Tips On How To Visit Navajo Nation Like A Pro
Well that is all I have for you, there are definitely more places that you can add to your trip, but these are some pretty solid options to choose from and are some of my faves. I understand that this list is very outdoorsy, but as I mentioned it is totally possible to add a visit to a more populated city such as Durango, Albuquerque, Flagstaff, Sedona, to your itinerary <3
Before I end, I want to add a couple of helpful things to keep in mind:
First and foremost, I do want to quickly mention that the Navajo Nation, as with many reservations across the United States, were severely affected by the COVID-19 pandemic.
As a nation, we were often the last ones to receive PPE from the U.S. government and were in situations where we were unable to mitigate the spread due to lack of running water or electricity (which 40% of the families do not have access to) compared to many other Americans who were able to do fairly easily.
Due to this, many people may continue to social distance and might be wearing masks as a precaution despite COVID restrictions being lifted by our own government recently.
Summer months are super touristy, so just a heads up that many families might be taking these precautions still as we tend to live in multigenerational households. Or there may still be some Navajo Nation travel restrictions (ie. Grand Falls) might kindly ask you to do the same.

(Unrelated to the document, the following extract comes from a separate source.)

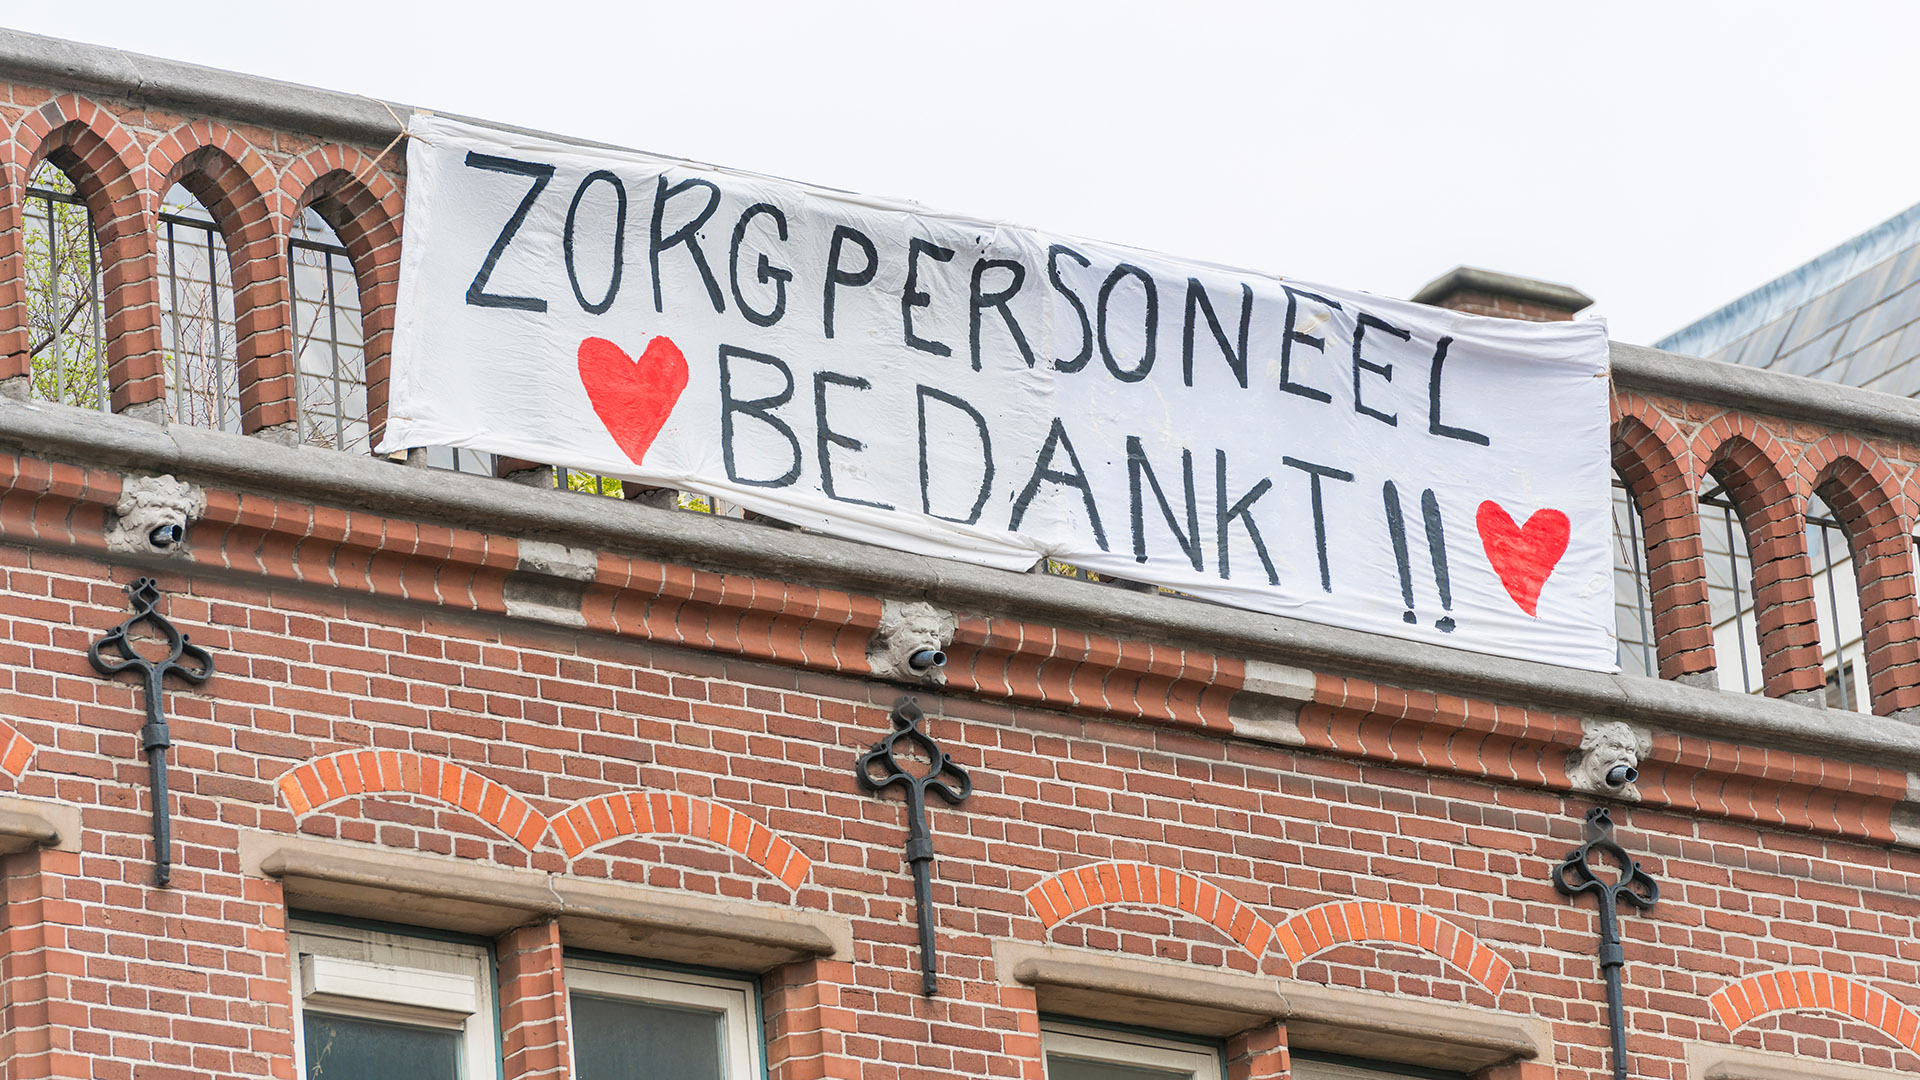 Zorgpersoneel van het OLGV in Amsterdam krijgt steun tijdens de eerste golf van de coronacrisis
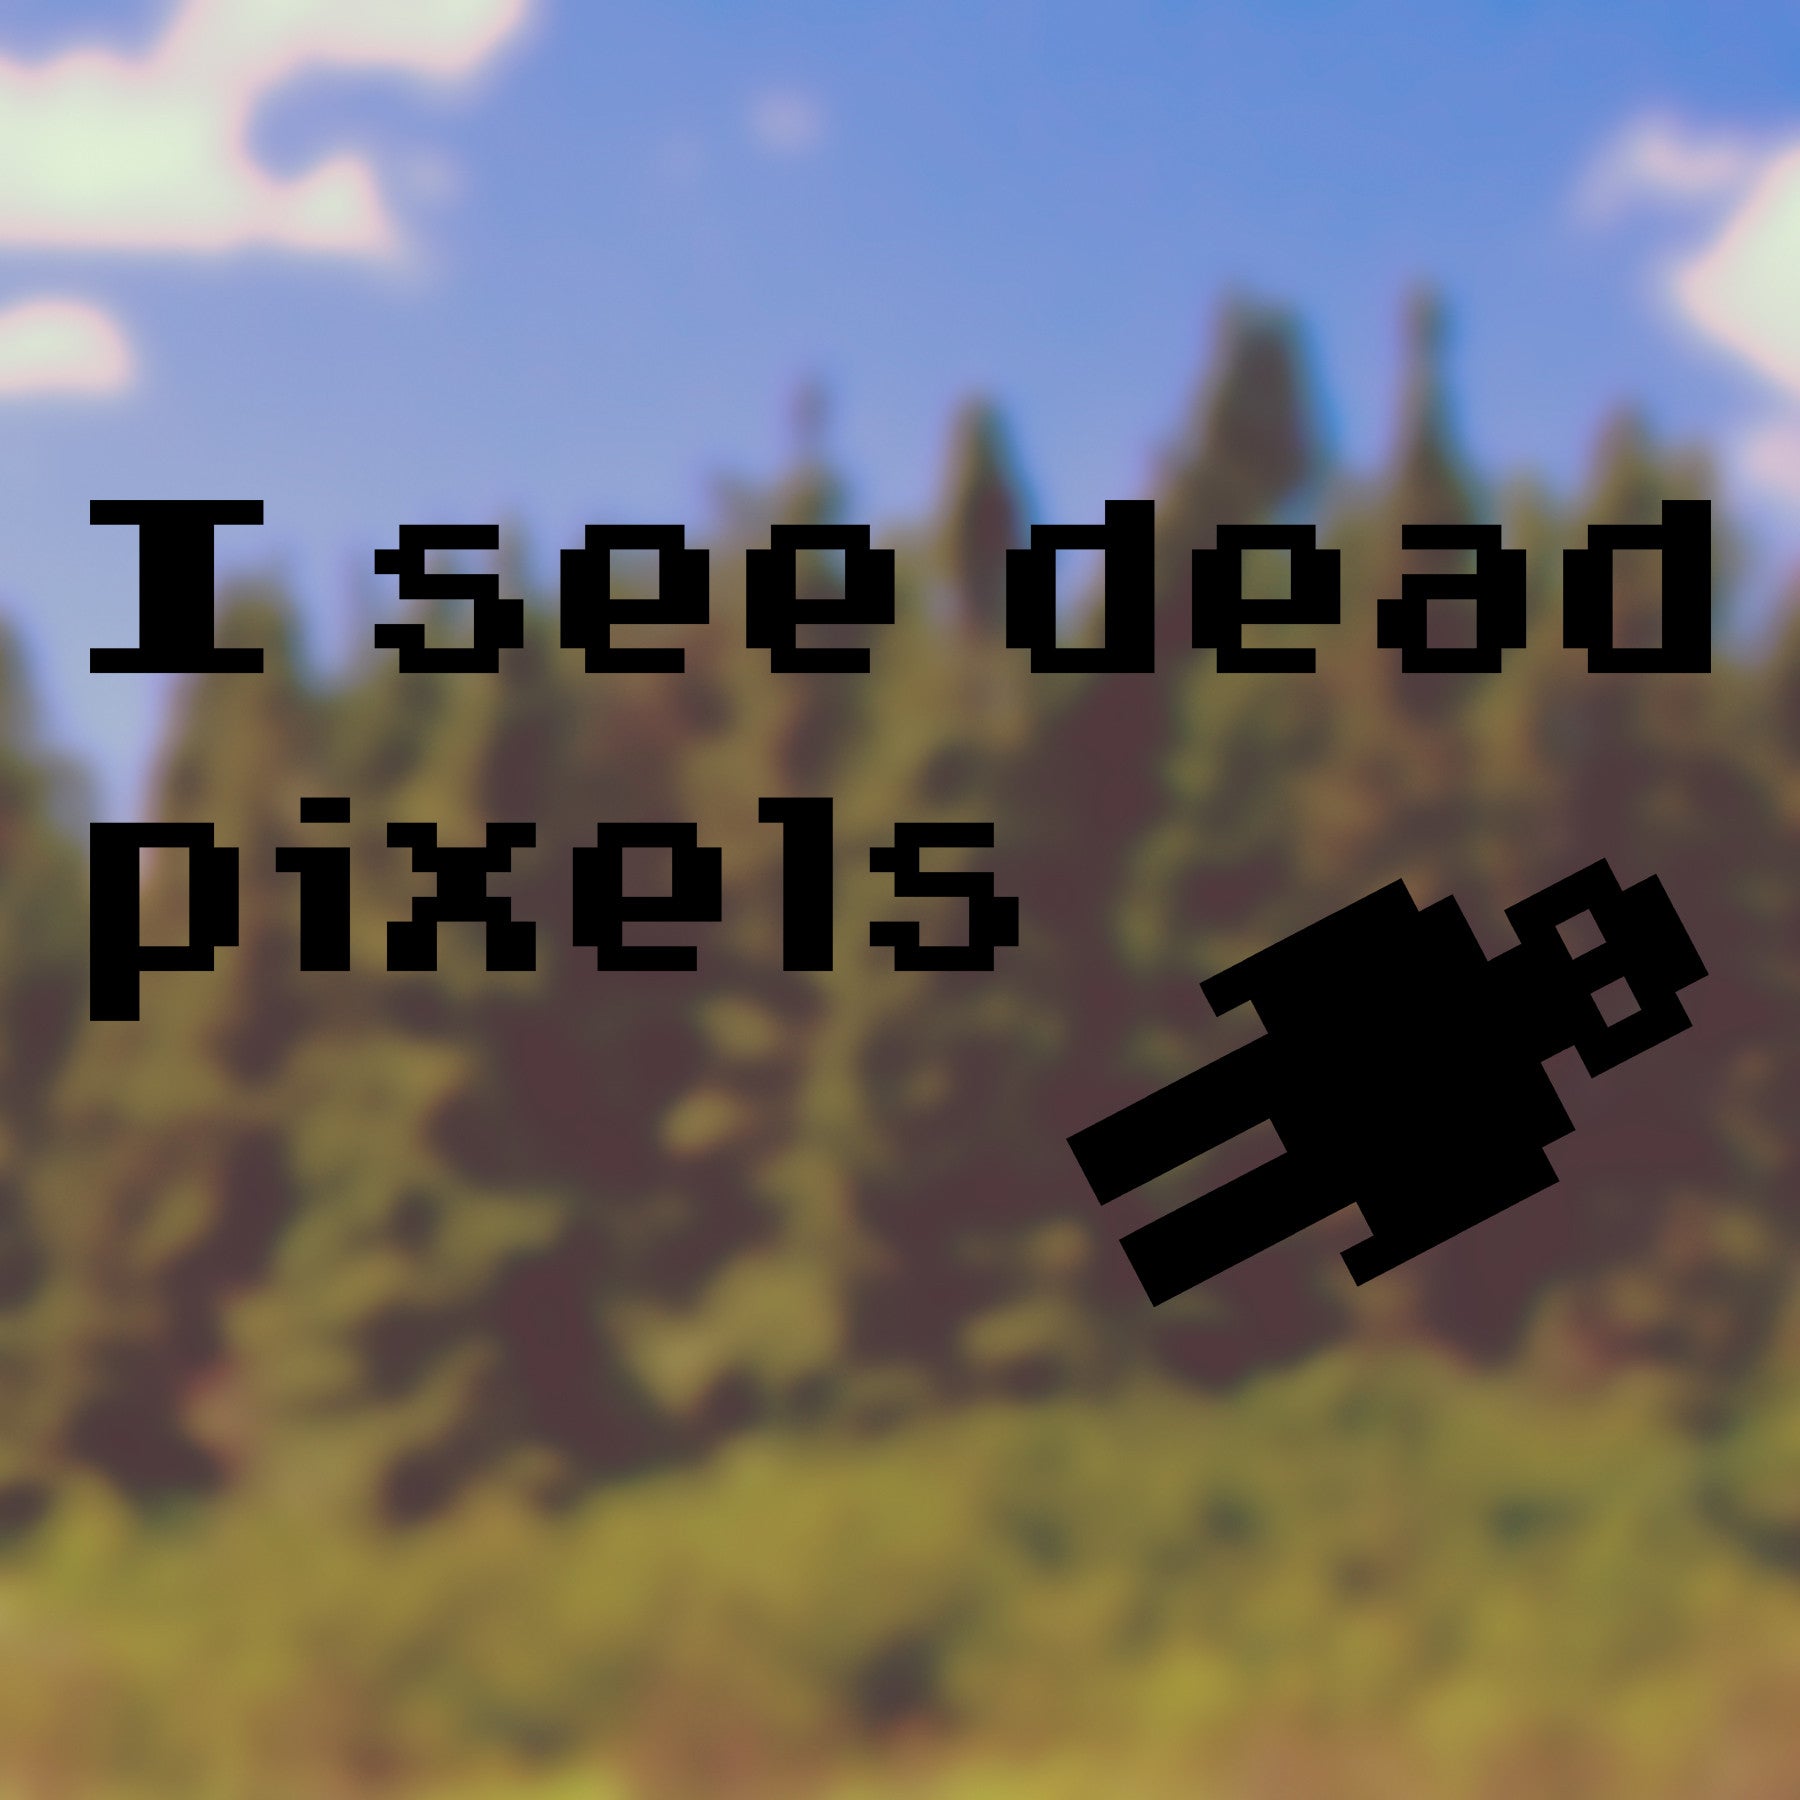 I see dead pixels | Bumper sticker - Adnil Creations

Being from these areas, you also hear too many stories of tourists not being respectful simply because they are not aware, so I wanted to do my best to prepare you when and if you decide to visit.
I hope my tips and notes were helpful, but of course if you want to learn more, please click here for more tourism protocols created by the Navajo tourism department.
The Navajo Nation, the place I call home, is no doubt beautiful, however, I do want to preface that many reservations also do not come with a pretty history.
Tourists can comment and judge the socio-economic conditions, but I do want to ask that when and if you visit, please do so with an open mind.
If anything, do your research on why some places may be in the condition that they are (here’s a quick hint: attempted genocide and assimilation) and ask yourself, how you can help.
One small way you can help is to support the Native-owned businesses that exist in these tourist destinations if you do choose to visit and be mindful of the places you’re visiting and the people you are interacting with.
Don’t get me wrong, we LOVE tourists and we do rely on tourism money for a lot of things, but that doesn’t mean we can’t all learn something new about the places we visit.
I also want to say that my people and community are very self-sustaining people, we ARE resilient, and despite many of the challenges we faced historically and continue to face, we are still here and are thriving.